As a community leader, Bonnie co-founded and co-chairs her county’s chapter of the Beat the Odds Scholarship Program that recognizes youth who have overcome significant life obstacles from homelessness to physical and sexual abuse to involvement in the juvenile justice system, and who are graduating from high school and going on to post-secondary education. Without Bonnie’s leadership and dedication, these students would not have the financial assistance to further their education and training.

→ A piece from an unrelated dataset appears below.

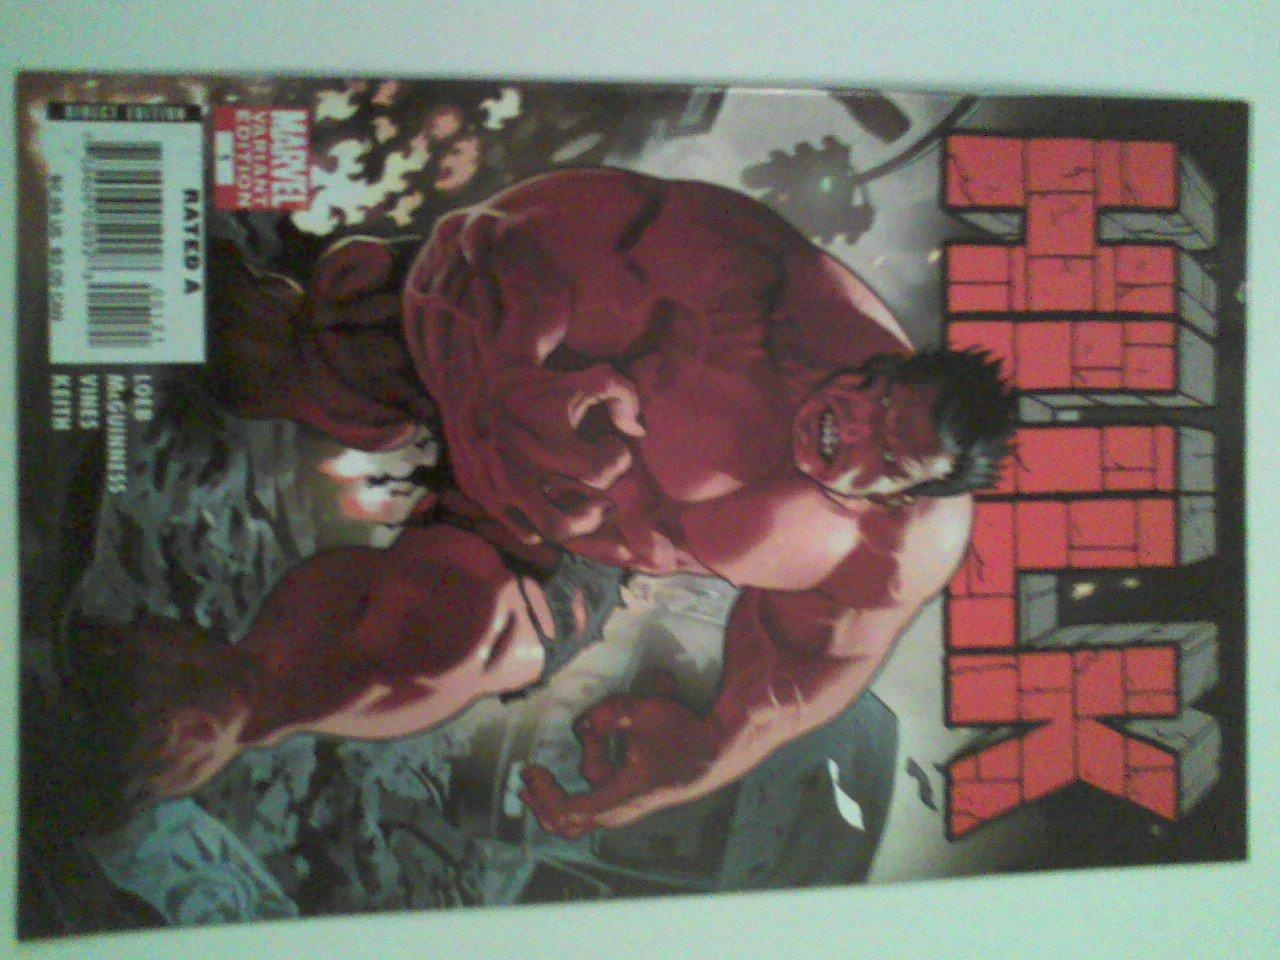 Hulk Vol 2 #1 Incentive Cover 1st cameo Red hulk

In honor of a fallen team member, Bonnie and her baseball team started the Give 10 for 10 charity (www.give10for10.org). The most recent project for the charity was to collect books and supplies for New Jersey and New York following Hurricane Sandy. The initial goal was 1,000 books — enough to provide four books to every child in the selected school. The donation drive produced closer to 5,000 books — enough to allow the children to take books without restriction and to donate to a library for other children who could not attend the event. Additional supplies were donated to families in need in Staten Island and Breezy Point in the Rockaways. As Bonnie said, the trip to New Jersey reminded everyone of how much we need to invest in our future, and the trip to New York reminded everyone how much still remains to be invested in our present.
Bonnie often says, “It’s not about how much you have, it’s about what you do with it.” Bonnie Hoffman, you have done tremendous work, and you fight a tireless fight. For those reasons and more, I proudly give you NACDL’s highest award for your fearless, compassionate, and faithful devotion to your clients, the legal profession, and the community.